Some dark secrets run so deep that they slip from view. The hole left
in our collective conscience is gradually plugged, with shallow
distractions and awkward half-truths. Questions, if uttered, pass
unheard. An uneasy and enduring silence prevails.
This was the
first and only properly declared war fought by the British on Australian
soil. Initiated by Governor George Arthur on November 1 1828, it was
waged against an enemy once dismissed as a meagre scattering of “savage
crows”. But the first Tasmanians were an enemy so committed to driving
the settlers from their ancestral lands that neither ad hoc massacres on
a lawless frontier, nor the ravages of disease that swept ahead of
muskets and poisoned flour seemed capable of quelling their
determination.
As their numbers fell, Aboriginal resolve seemed to increase. They simply could not give up their land.
This
is a story about the consequences of such resolve and the marks it has
left on the history and identity of today’s Tasmanians.
I have
spent nearly 30 years seeking solutions to the injustice that persists
for the Aboriginal community in Tasmania. Attitudes in Tasmania remained
unaffected by what seemed pyrrhic victories. The Aboriginal community
remained alienated from contemporary Tasmanian society, which in turn
resisted the facts of the bloody history that we shared.
These
were not simple prejudices, they grew out of penetrating mythologies,
rooted in the oldest and most profound of themes; cultures in collision
and the inexorable triumph of power.
My thesis: that a hand
guided by a thousand years of European history held every pen and
wielded every musket used in the campaign against the First Tasmanians.
While the nations of Tasmania had lived in splendid isolation on their
island for millennia, the invaders had already survived an eternity of
war.
The story of Tasmania’s war is not part of the state’s
ever-changing tourist brand. It is the one truth that can never be
uttered – the source of an ancestral curse. There is a terrible history
lurking beneath the surface of the island’s placid lakes. It stalks the
shadows of each rainforest glade and casts a disquieting hue across the
lurid vistas of wilderness upon which our fame is built.
Tasmania’s
history is one of shameless deception that outraged even the citizens
of the day. When the war was won a veil was drawn and a chapter closed.
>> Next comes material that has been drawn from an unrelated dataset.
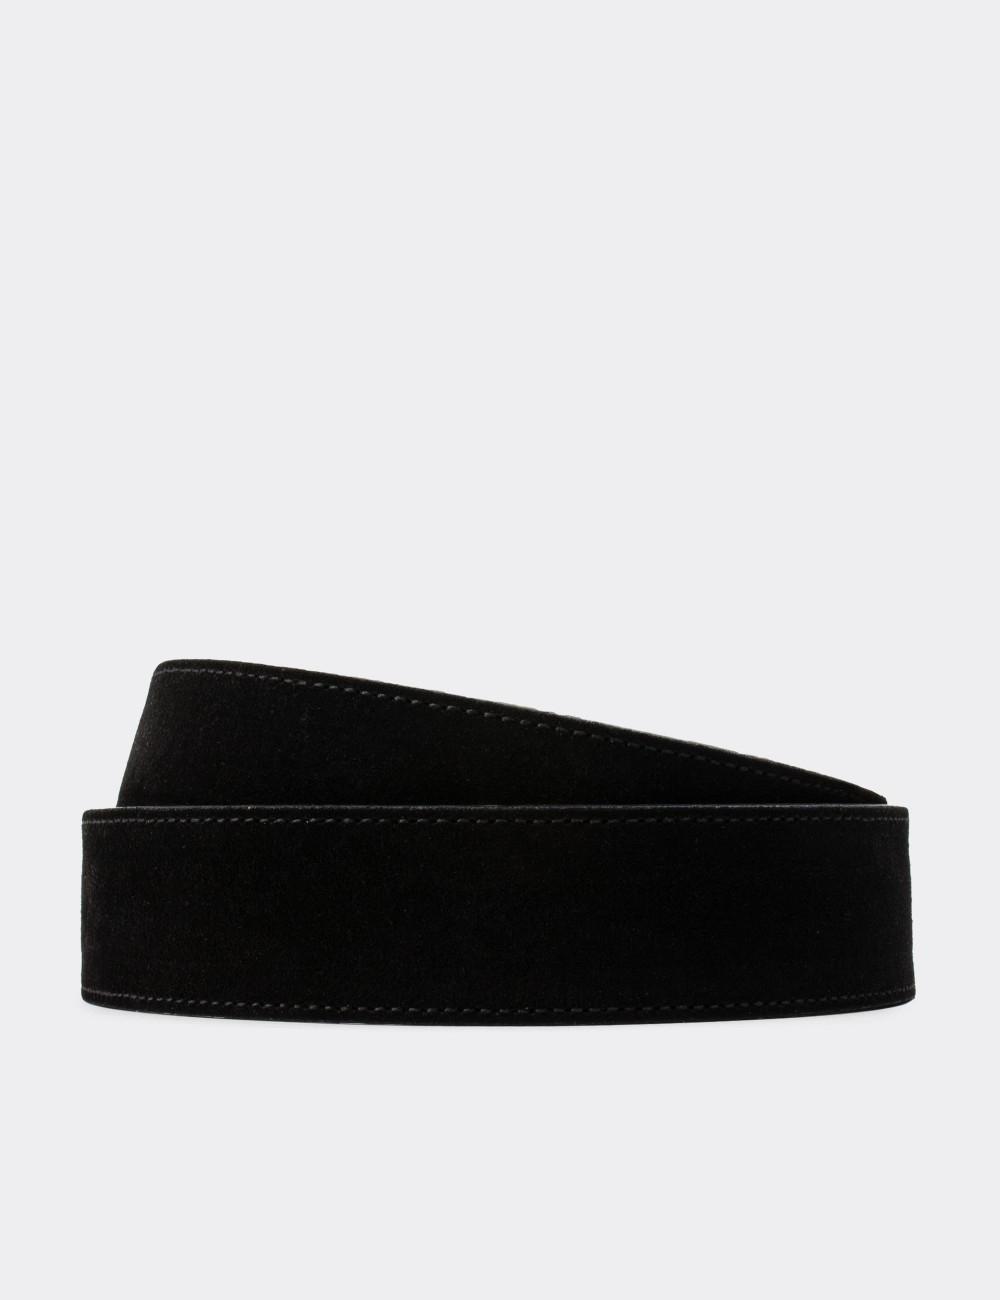 Suede Leather Black Men's Belt - K0410MSYHW01
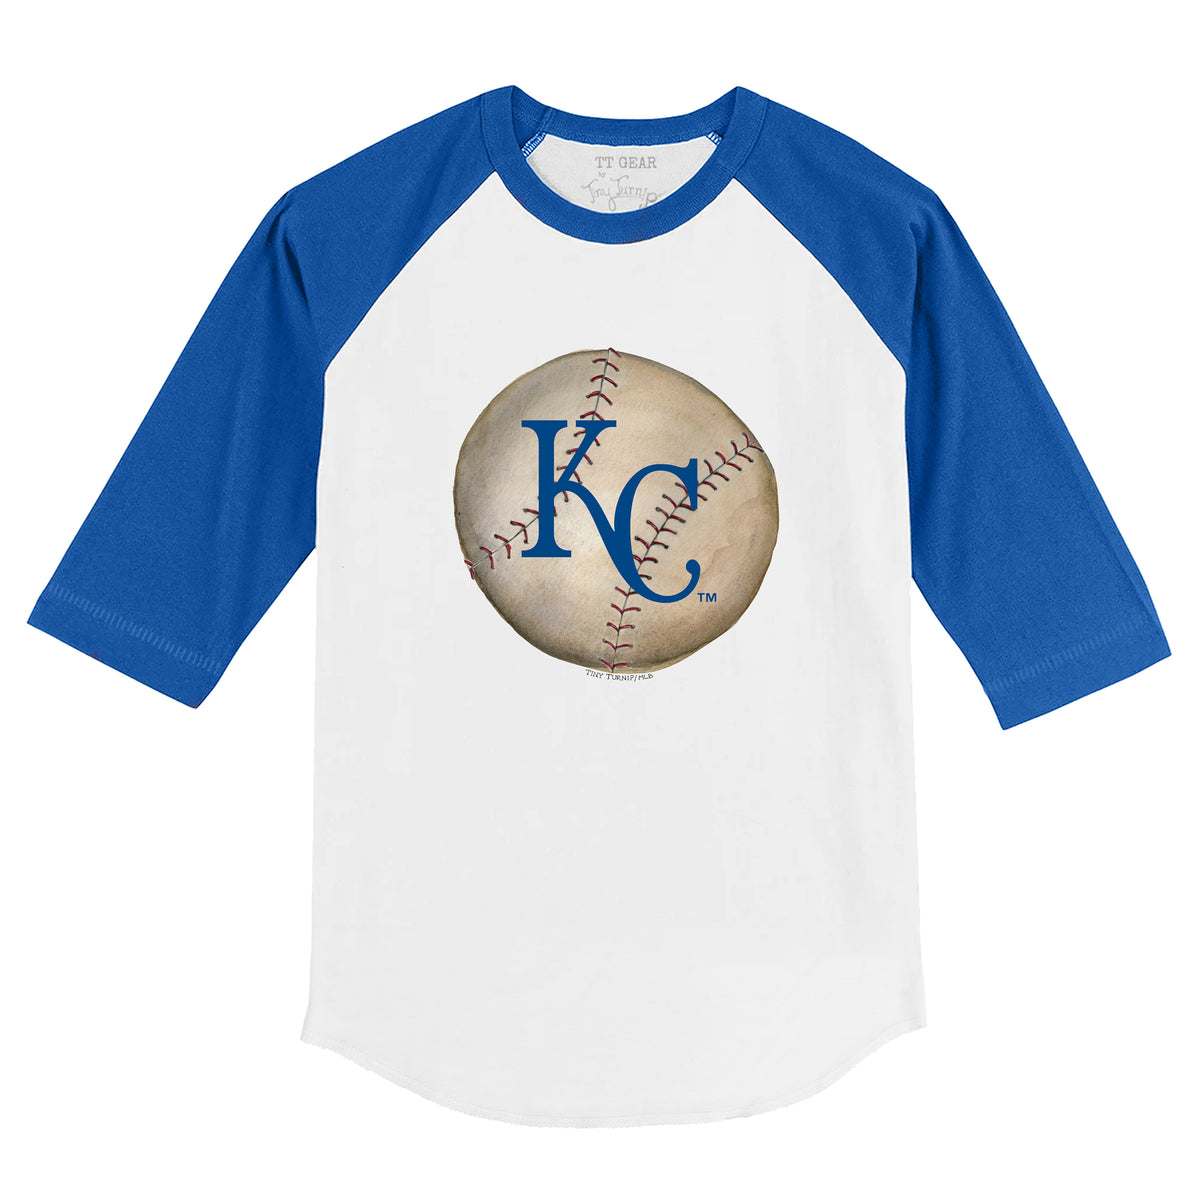 Kansas City Royals Stitched Baseball 3/4 Royal Blue Sleeve Raglan

Saint and sinner could join in sombre lament. With inevitable necessity
the Native threat had been banished.
To live in Tasmania today
is to exist in the eye of a quiet, relentless storm. The island,
politically and aesthetically, is a quintessential green. It is a
destination of choice for Australians seeking an escape from the clutter
of urban life. The cleanest of air and mildest of climates bestows on
its small population a gourmet life; where fine wine and culinary
delights accompany a thriving culture of literary and visual arts. These
reassure both visitor and resident alike that, of all the places in the
world,We open source luggagetag system that was developed with the goal of providing at least room-level accuracy. this must be closest to heaven.
Within
a year of the first European settlement the die had been cast and the
fledgling colony took its first confused steps toward conflict with the
Tasmanian Aboriginal nations whose land it was to over-run.The Optimal cableties.moxietoday.com/
Solution for Hospitals. On 3 May 1804, the British at Risdon Cove had
their first encounter with a large group of Aborigines. According to
Henry Reynolds, the group, which included women and children, was
“probably on a hunting expedition”. Frightened soldiers (some say drunk)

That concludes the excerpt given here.